Cheers Gally... that feels about right to me too.

What would you be using <£100? 845 and 50/50?


----------



## CraigQQ (Jan 20, 2011)

as kev said.. not dry like celleste.. but not oily like 50/50 onyx ect..

trying to think of a similar one in terms of applying but can't really lol.. its easier to apply than dodo's soft ones, but not as easy as the above onyx/bos ect


----------



## CraigQQ (Jan 20, 2011)

RussZS said:


> Cheers Gally... that feels about right to me too.
> 
> What would you be using <£100? 845 and 50/50?


kev wont try 5050 because its in a metal tin SNOB!! :lol:


----------



## MidlandsCarCare (Feb 18, 2006)

gally said:


> No way Russ. It's not "dry" just not as "wet" as some of the other range.


So same as something like a basic Dodo to spread?


----------



## b9rgo1234 (May 3, 2009)

Polished bliss are doing a free Entry collection kit with Crystal Rock :thumb:


----------



## Magic Detail (Jul 25, 2010)

I just can't get excited about Colli. Dildo Juice SNH for me as my basic, or if someone wants a long lasting wax, Autoglym HD. I think chrisc has hit the nail on the head - go with what customers are asking for. BoS is a very popular wax, easy to upsell. CR I'm not sure is as popular as we may think, it requires some salesmanship to sell. Personally, that's why I am awaiting delivery of BoS, having recently purchased CR. Plus, recouping £800 isn't as easy as £200. You have to think, "am I going to be able to convince the customer to pay an extra £40 (or whatever) to upgrade to CR?". Incredibly easy to upsell an extra £20's worth of BoS, and its only 10 applications to break even, the rest is all yours. Charge the CR out at whatever you want of course, but even at £40 it's 20 applications - might not sound a lot, but it requires some 'selling', and if you're only charging £95 for a protection detail like someone mentioned in this thread, then getting that customer to pay an additional £40 just for some wax is going to prove difficult.

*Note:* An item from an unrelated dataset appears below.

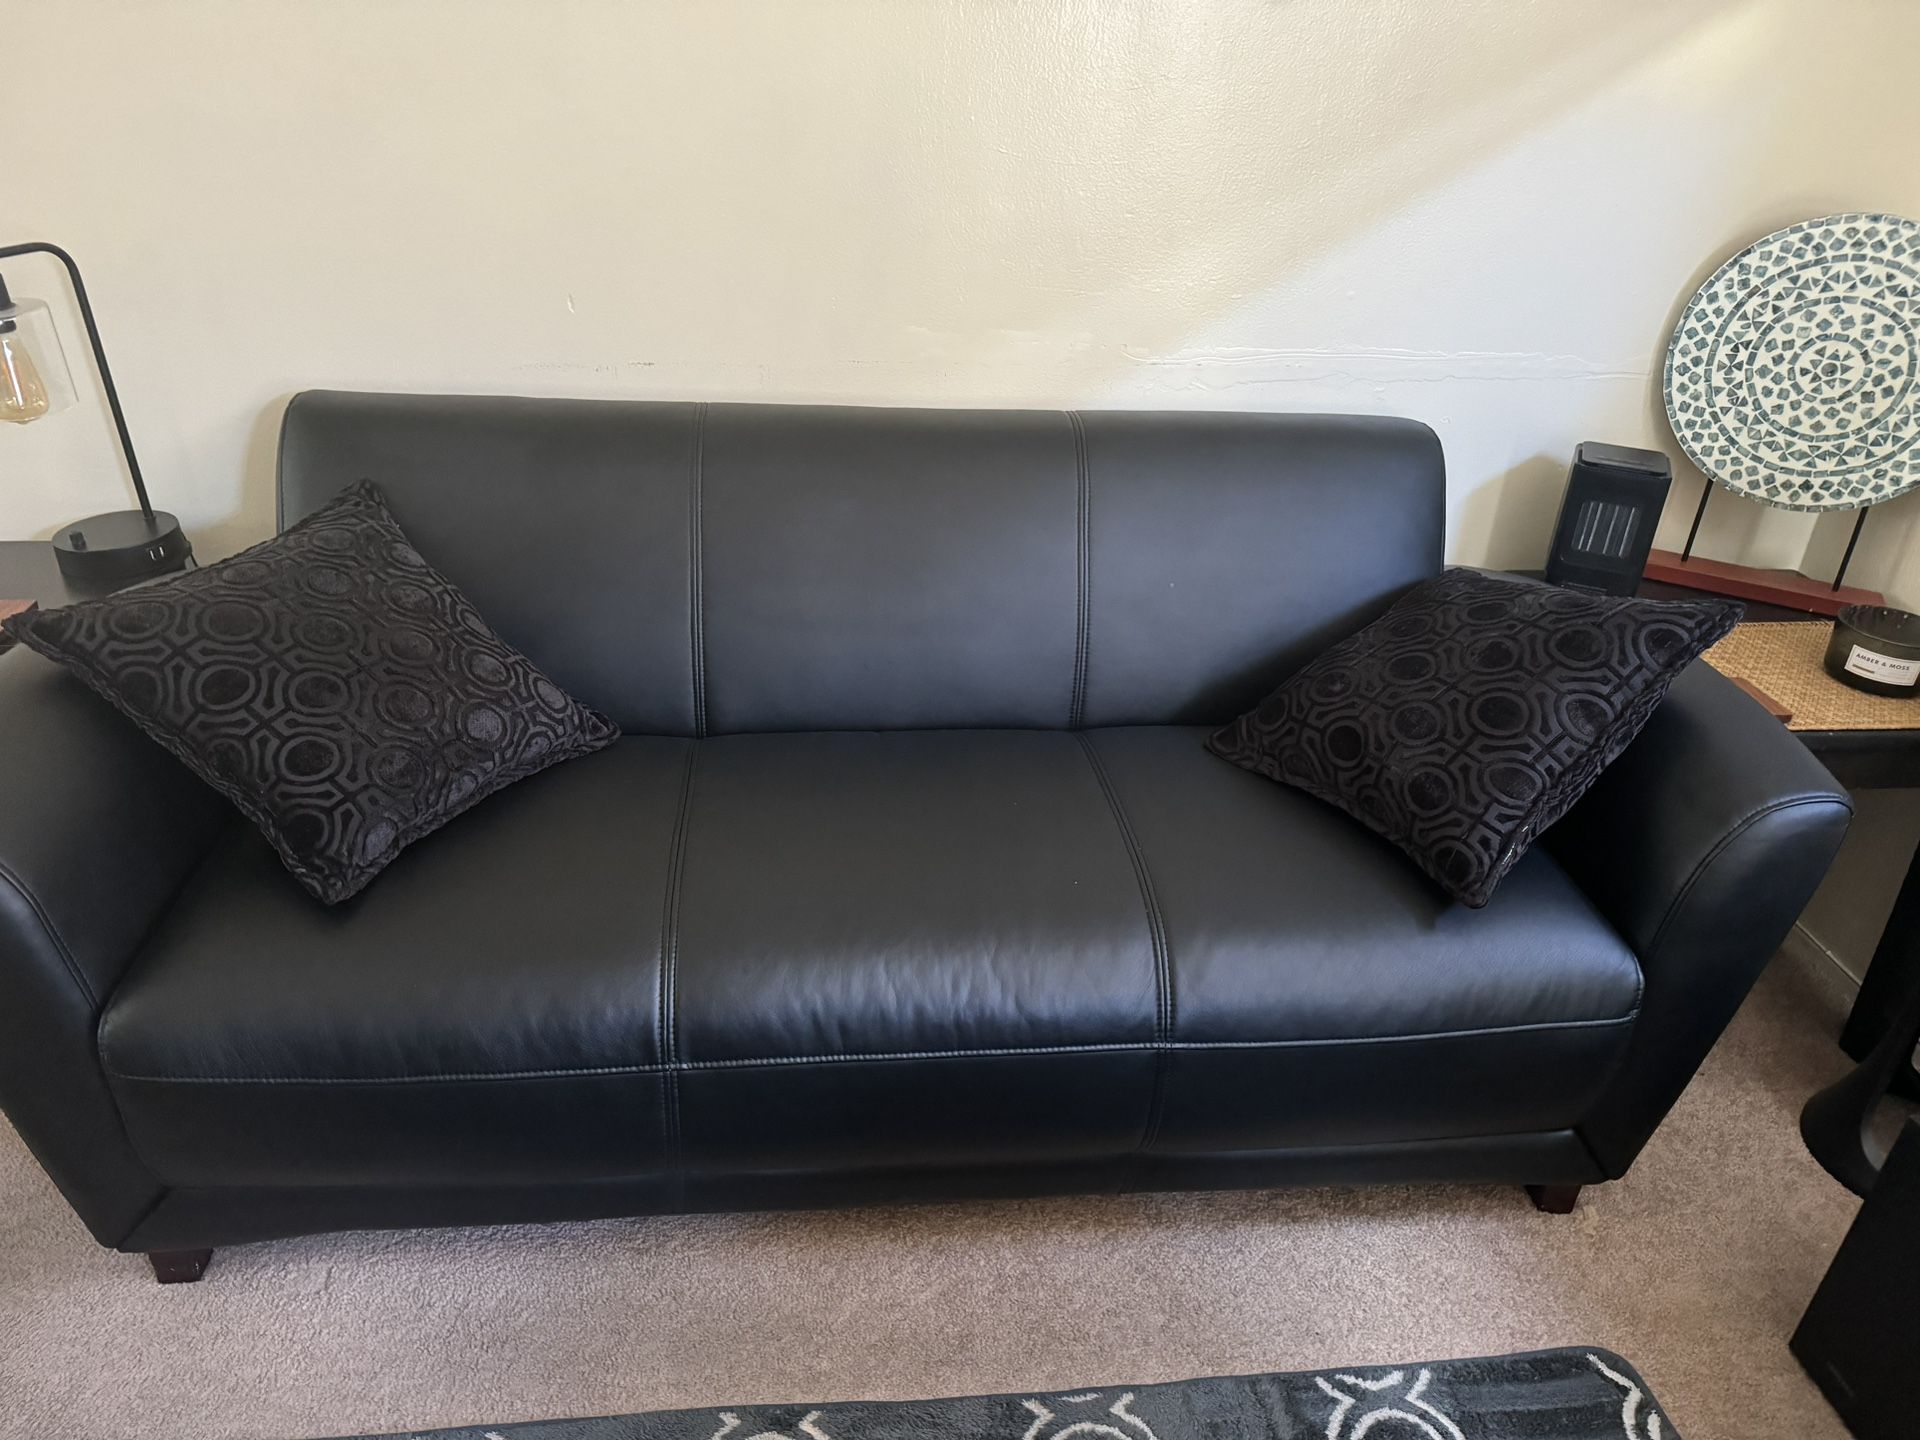 Black leather couch, perfect condition

Got my business head on now :lol:


----------



## R0B (Aug 27, 2010)

Paragon said:


> I just can't get excited about Colli. Dildo Juice SNH for me as my basic, or if someone wants a long lasting wax, Autoglym HD. I think chrisc has hit the nail on the head - go with what customers are asking for. BoS is a very popular wax, easy to upsell. CR I'm not sure is as popular as we may think, it requires some salesmanship to sell. Personally, that's why I am awaiting delivery of BoS, having recently purchased CR. Plus, recouping £800 isn't as easy as £200. You have to think, "am I going to be able to convince the customer to pay an extra £40 (or whatever) to upgrade to CR?". Incredibly easy to upsell an extra £20's worth of BoS, and its only 10 applications to break even, the rest is all yours. Charge the CR out at whatever you want of course, but even at £40 it's 20 applications - might not sound a lot, but it requires some 'selling', and if you're only charging £95 for a protection detail like someone mentioned in this thread, then getting that customer to pay an additional £40 just for some wax is going to prove difficult.
> 
> Got my business head on now :lol:


Dildo juice:lol:


----------



## JJ_ (Oct 26, 2005)

Keep your eye on Ebay Russ I have noticed some really high end stuff crop up from time to time. 

I only have zymol glasur, fk1000 and 476s as my own waxes. I did have others but these for me were the best around the price that I wanted. Glasur is just so so wet, but a lot of these expensive waxes are just good marketing. I perfect about 3 panels today, no faults at all and I really thing you would be hard pushed to add to the paint. One of the most important things for paintwork is gloss for me, and so many times I don't see a pure glaze being used because many products don't sit on top. However if your going down the nuba route I would never be without my Meguiars Glaze #7.


----------



## CraigQQ (Jan 20, 2011)

I wouldn't trust ebay for high end waxes ect..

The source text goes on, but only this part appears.